9. Violenc and totalitarinism Flashcards
What is the dual state?
Fraenkel, who practised law in pre-Hitler Germany, finds that the Nazi régime consists, in fact, of two distinct states – one “normative,” the other “prerogative.” In the first the administrative and judicial bureaucracy operate according to rules; in the second the Party, and more particularly the Gestapo, operate free of any ultimate legal restraint. The second, of course, possesses complete power arbitrarily to supersede the first at any or all points.
Where does totalitarian come from?
“The words totalitarian and totalitarianism are derived from the Italian totalitario and totalitarismo. They were first used as a play on words, a veritable conundrum, in an article entitled Majority and Minority by Giovanni Amendola which appeared in Il Mondo, May 12, 1923” (Bruno Bongiovanni)
What was the term totalitarian originally referring to?

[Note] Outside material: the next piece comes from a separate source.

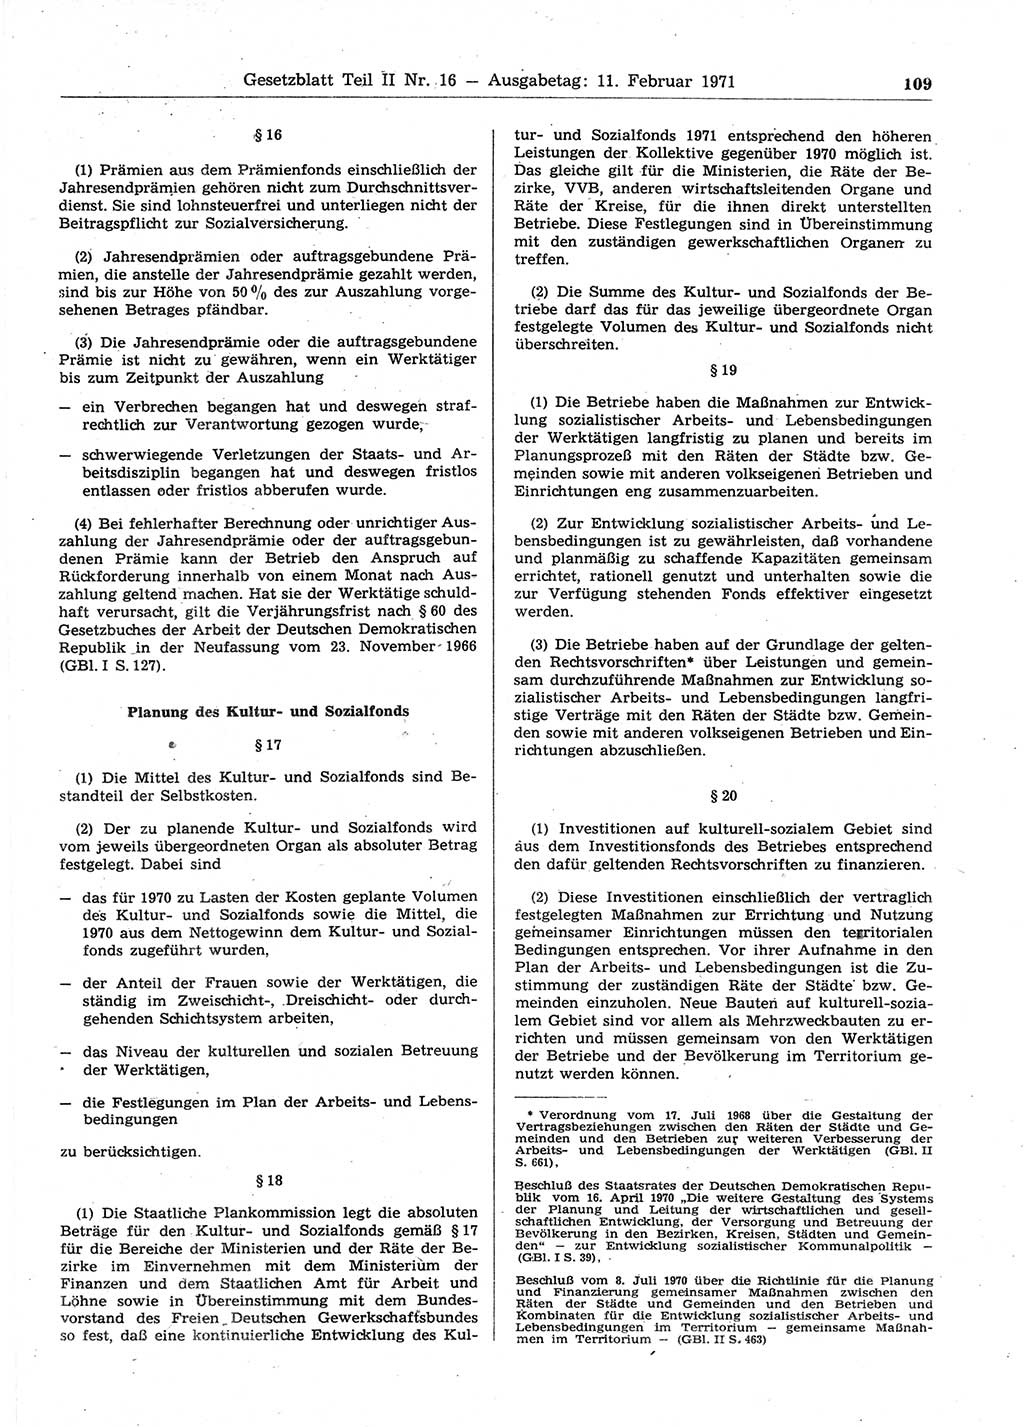 Gesetzblatt (GBl.) der Deutschen Demokratischen Republik (DDR) Teil ⅠⅠ 1971, Seite 109 (GBl. DDR ⅠⅠ 1971, S. 109)

“Amendola coined the adjective «totalitario» to describe the true nature of the «winner-take-all» electoral system, which in those days was being debated in Italy’s lower house of parliament. “ (Bongiovanni)

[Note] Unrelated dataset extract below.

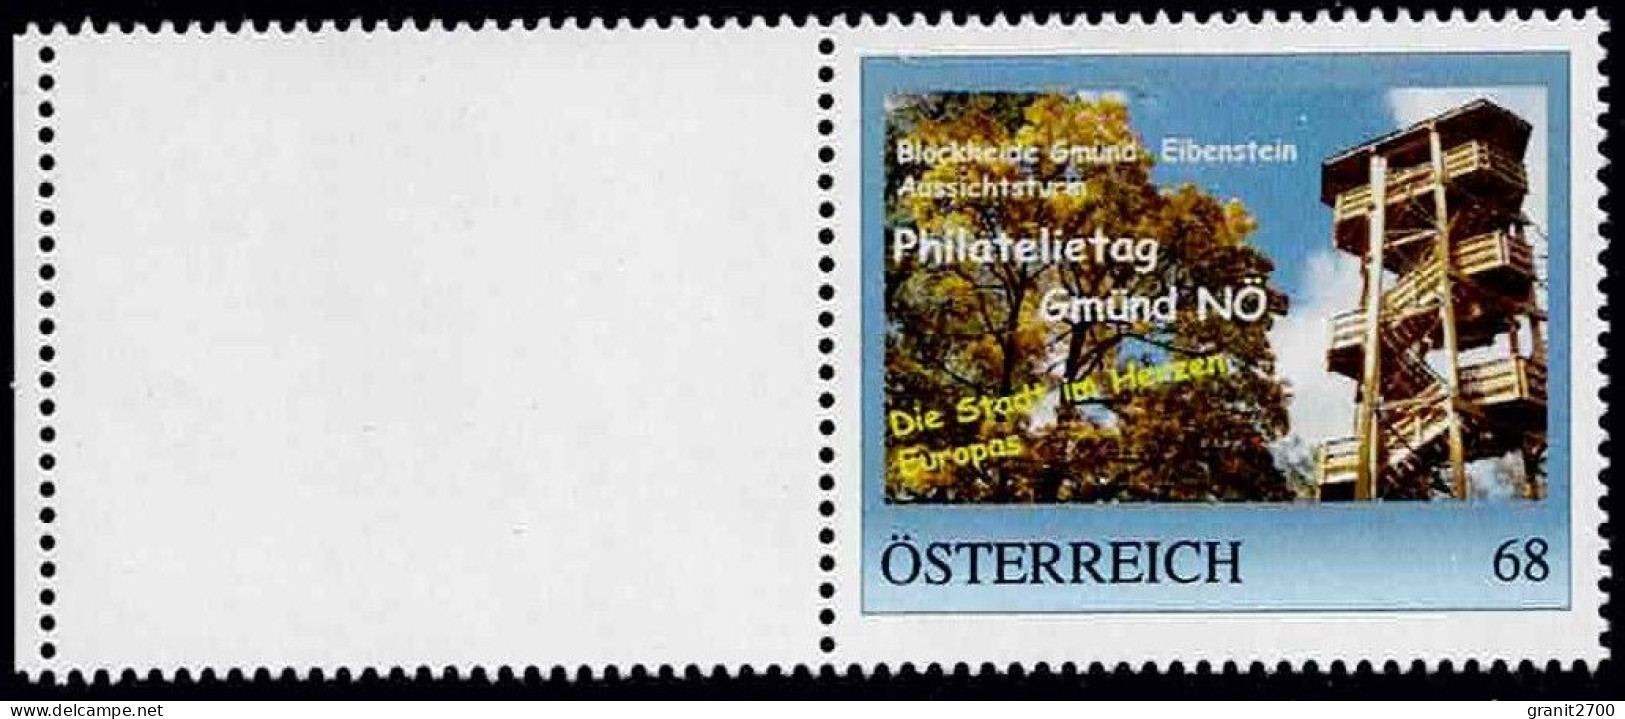 PM  Philatelietag Gmünd - Die Stadt Im Herzen Europas Ex Bogen Nr.  8126426  Vom 19.4.2018 Postfrisch - Personnalized Stamps

What was the totalitarian spirit?
“The totalitarian spirit, a threat to liberalist civilization, was for Amendola, and for the moment limited to Italy, a passing over to another age, or even the advent of a new paradigm, a historical turnover, which was here and there so utterly regressive, of political and civil forms of cohabitation” (Bongiovanni)
When was the term totalitarian extend to mussolini?

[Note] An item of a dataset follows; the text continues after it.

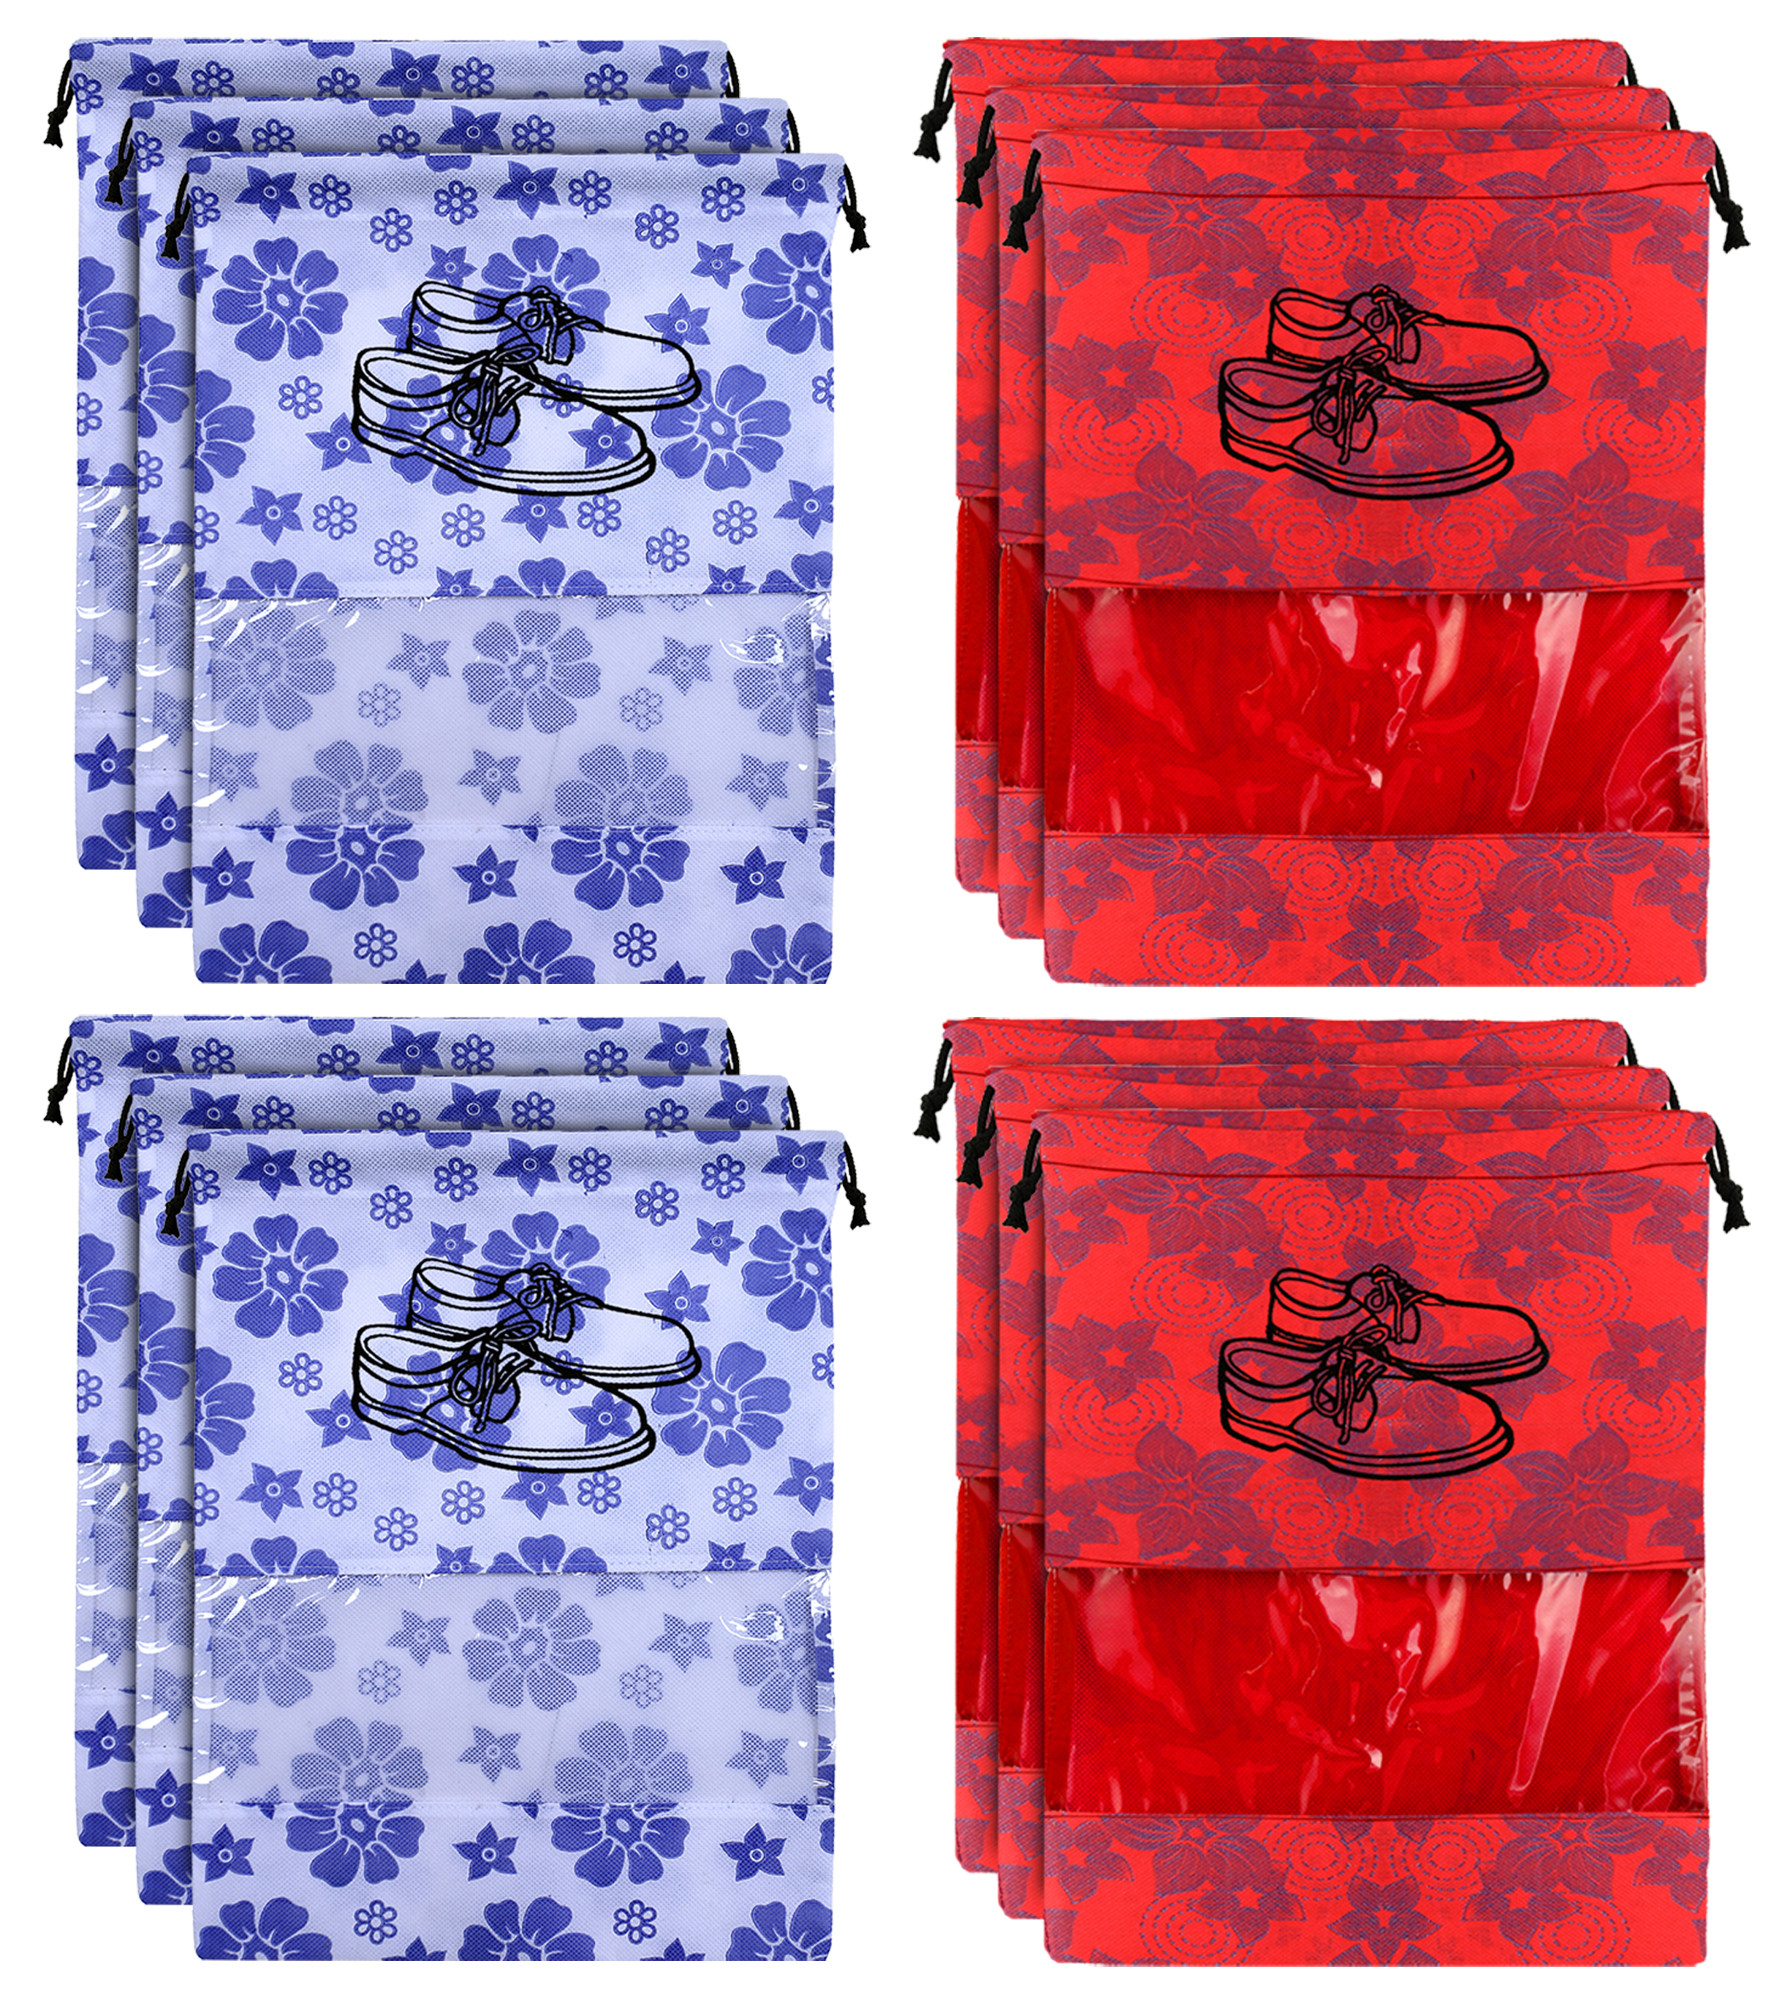 Kuber Industries Metalic Floral Design Non Woven Travel Shoe Organizer Space Saving Fabric Storage Bags Organizer, Royal Blue & Red-KUBMART1078

“In an article that appeared in La Rivoluzione Liberale on January 2, 1925, the day before Mussolini’s famous watershed speech, Lelio Basso closed the semantic circle and coined the noun totalitarismo, synonym of the dictatorial manner of whoever, once having monopolized military power, scoops up all remaining power to transform it into a tool to be used by a single party that proclaimed itself interpreter of the unanimous will” (Bongio)
How did mussolini describe his movement in 1925?
“It was somewhat like his January 3, 1925 outburst, when he took personal responsibility for what had happened, since the Matteotti incident. «You say we are ‹totalitarian›? Well, that’s right. We are ‹totalitarian›.»” (Bongio)
How did Amendola use the term totalitarian in 1926?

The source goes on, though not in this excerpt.